Ao contrário, eu me encontrava preso aos meus compromissos,
clientes e tarefas, que eu necessito manter para sustentar um padrão de vida
que provavelmente eu nem necessite. Preso às responsabilidades de ser
competente e manter uma boa imagem pública, que desapareceriam se eu saísse
cantando pela rua – mesmo que afinadamente.
Quem realmente é livre? Do que necessitamos para sermos
livres? Liberdade é adquirir bens e respeito para não depender de ninguém, ou é
possuir apenas o mínimo que dependa de você?

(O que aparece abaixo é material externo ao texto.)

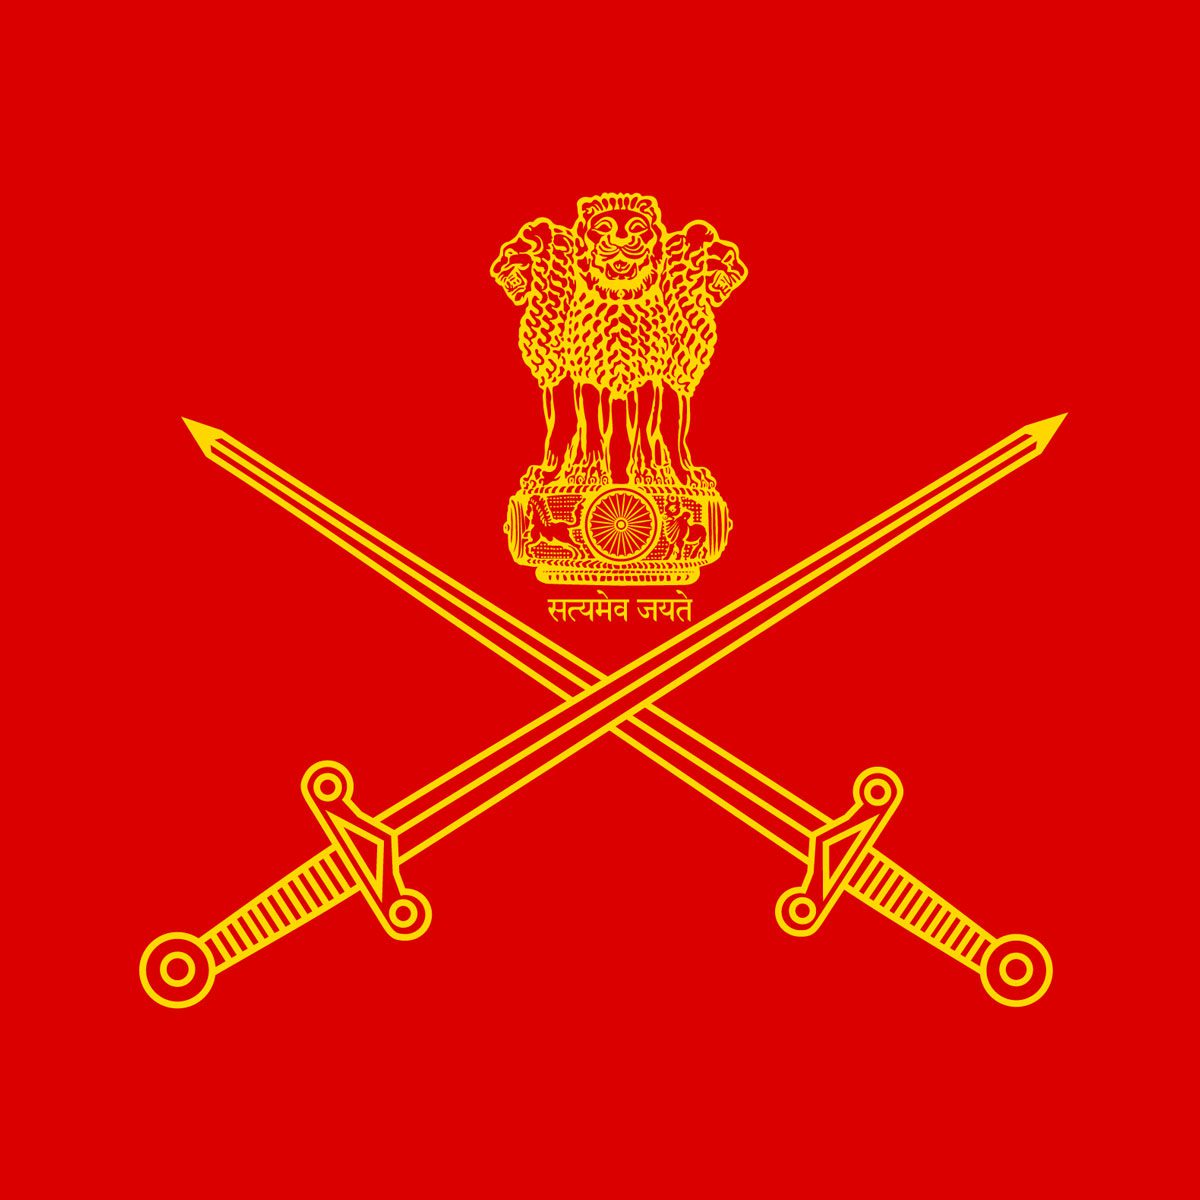 Indian Army Territorial Army Officer Recruitment - Indian Armed Forces Job Vacancies

A liberdade plena é uma utopia, jamais a teremos. Salvo,
talvez, na morte, mas aí estamos falando de uma outra dimensão, outro plano de
existência, ou do nada absoluto. Jamais seremos absolutamente livres porque
necessitamos de nossos pares para viver, exercer nossa identidade e, até
mesmo, ser felizes. Esse condicionamento ao outro nos impõe regras inevitáveis,
mais ou menos amplas e flexíveis, que nos darão maiores ou menores alternativas
de exercício da liberdade. O livre arbítrio, nesse contexto da realidade, é um
bonito conceito. Mas, em verdade, sua
importância não está em justificar uma possível liberdade de escolha. O
livre arbítrio deve servir para questionar, corromper e subverter, sempre que
necessário, a nossa falsa sensação de liberdade e segurança, quando questiona o
sentido das nossas escolhas no meio da madrugada, e que de nada adiantará se
estiver desacompanhado da coragem de escolher diferente dentro das muitas
possibilidades de ser livre...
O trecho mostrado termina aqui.